When I think of love–and I do so often–I think of two books about a person in love with two people at once. Charlotte Brontë’s Villette and Naguib Mahfouz’s Arabian Nights and Days. Lucy Snowe falls in love with Dr. John Bretton and M. Paul Emanuel. When Dr. Bretton marries Polly and goes on his honeymoon with her, Lucy is devastated. However, then M. Paul Emanuel reveals his love for her. At the end of the book, he has gone on a trip but is now coming home to France–when they will presumably marry. In the Mahfouz book, there is a man who is “in love” with two women: his wife, who is his age, and a younger woman whom he longs to make his “second wife.” Within a Muslim context, of course, this is allowed, but it is disconcerting to a Western reader–who ever speaks of that special place in a person’s heart belonging to two or more people? That, incidentally, is why Villette was lampooned in Victorian England: who speaks of a woman loving two men? However, as events unfold, the man in Arabian Nights and Days does not get to marry a second wife: his first wife tries to murder the younger woman, and in saving the second wife and honoring the first the man must give up hopes of a second marriage.
I speak of these books because I have a similar dilemma. I have two men who I have a “crush” on (I will not refer to their names to avoid embarrassing them). One is good looking and one is not, both are smart. For reasons I will not get into, the second is one I have doubts about the propriety of my being interested in. Of course, neither has shone much sign of reciprocating. This is a common theme in my life: of unrequited love. This is despite the fact that I always wanted my life to be about “more than a man,” and perhaps that is what consoles me in living a life in which there is no man.

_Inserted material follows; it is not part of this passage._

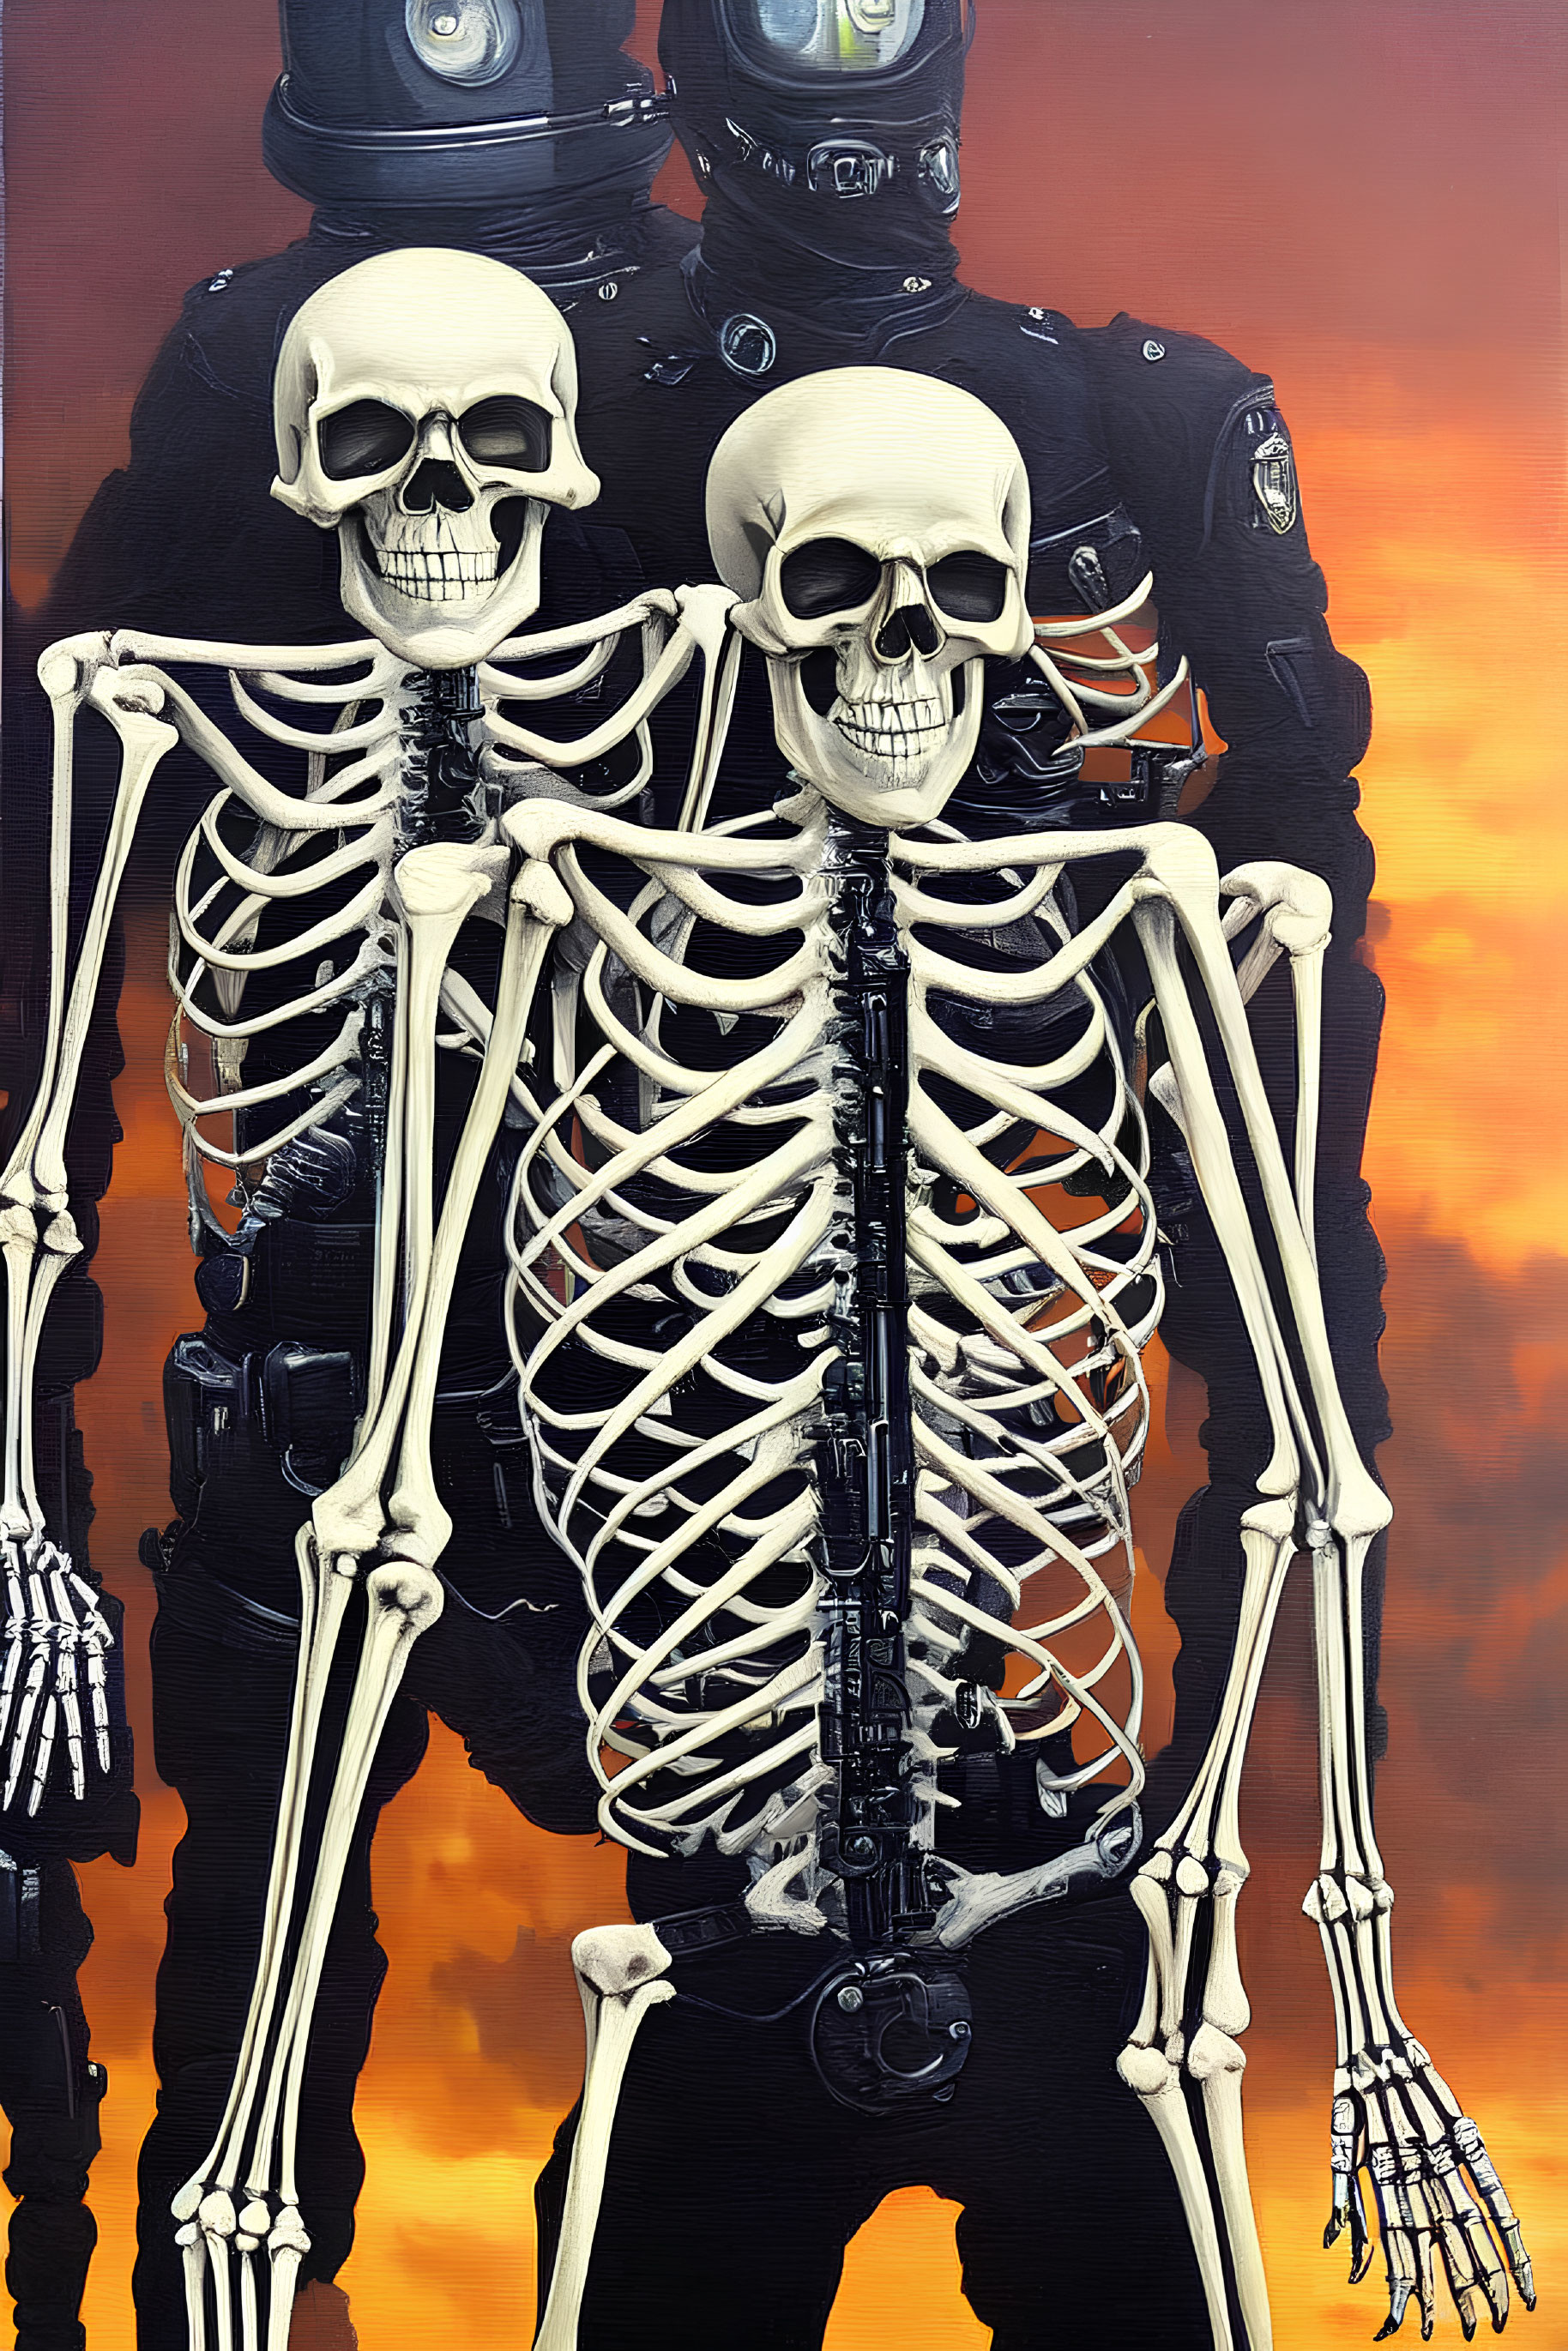 Skeleton Figures with Police Hats and Badges on Orange Red Gradient Background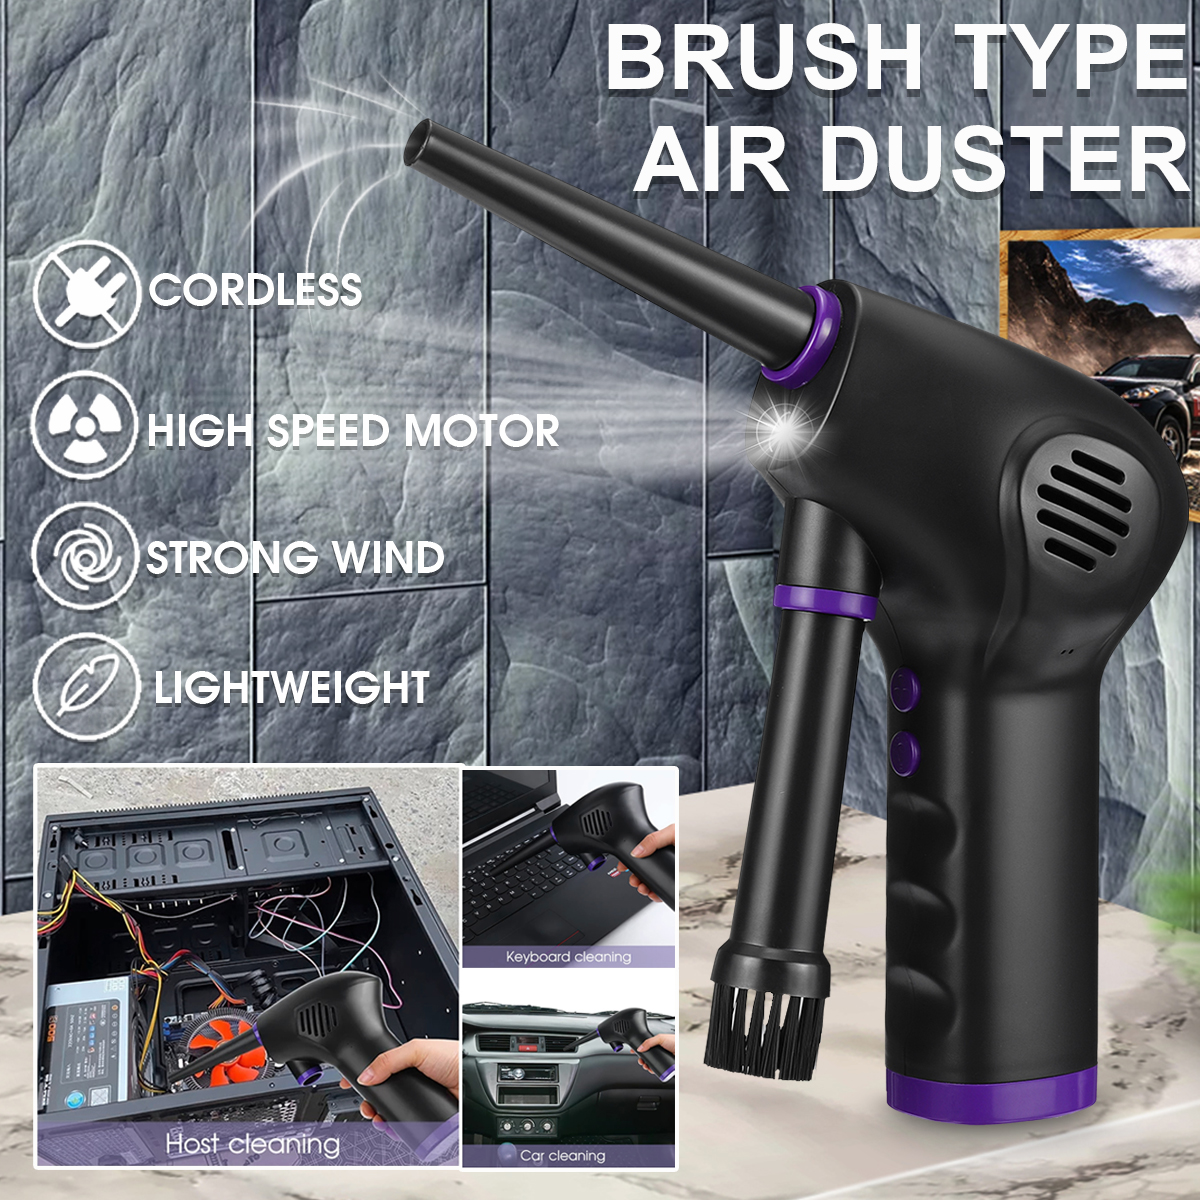 6000mAh-70ms-Cordless-Air-Duster-For-Computer-Cleaning-Replaces-Compressed-Spray-Gas-Cans-Rechargeab-1902465-5

I wonder why sex is so central to the modern concept of personhood, though of all things love is sometimes marginalized. People marry for love, but when sexuality tapers off, they are too prone to leave their spouse. I always wonder why they can not find a way to base their love on other things. This is despite the fact I have known or at least heard of woman who say like a Cathy Cartoon in Reflections has Irving say, “How will I know if you love me if you won’t have sex with me?” So many people think that love and sex are the same thing… but they really aren’t. This is despite–I think–some forms of love being based on sex in their earliest stages.
This modern attitude is the antithesis of the Victorian view which Charlotte Brontë rebelled against in Jane Eyre and Villette. Yet she insisted that romantic love not act contrarily to the rules of ordinary ethics. Rochester’s first wife had to die before Jane Eyre could marry him. And Lucy Snowe could not try to supplant Polly in Dr. John’s heart because although she loves him, too, it would be ethically improper. Perhaps the modern age needs to recall the ethics of Charlotte Brontë and not just the passion she portrays so well.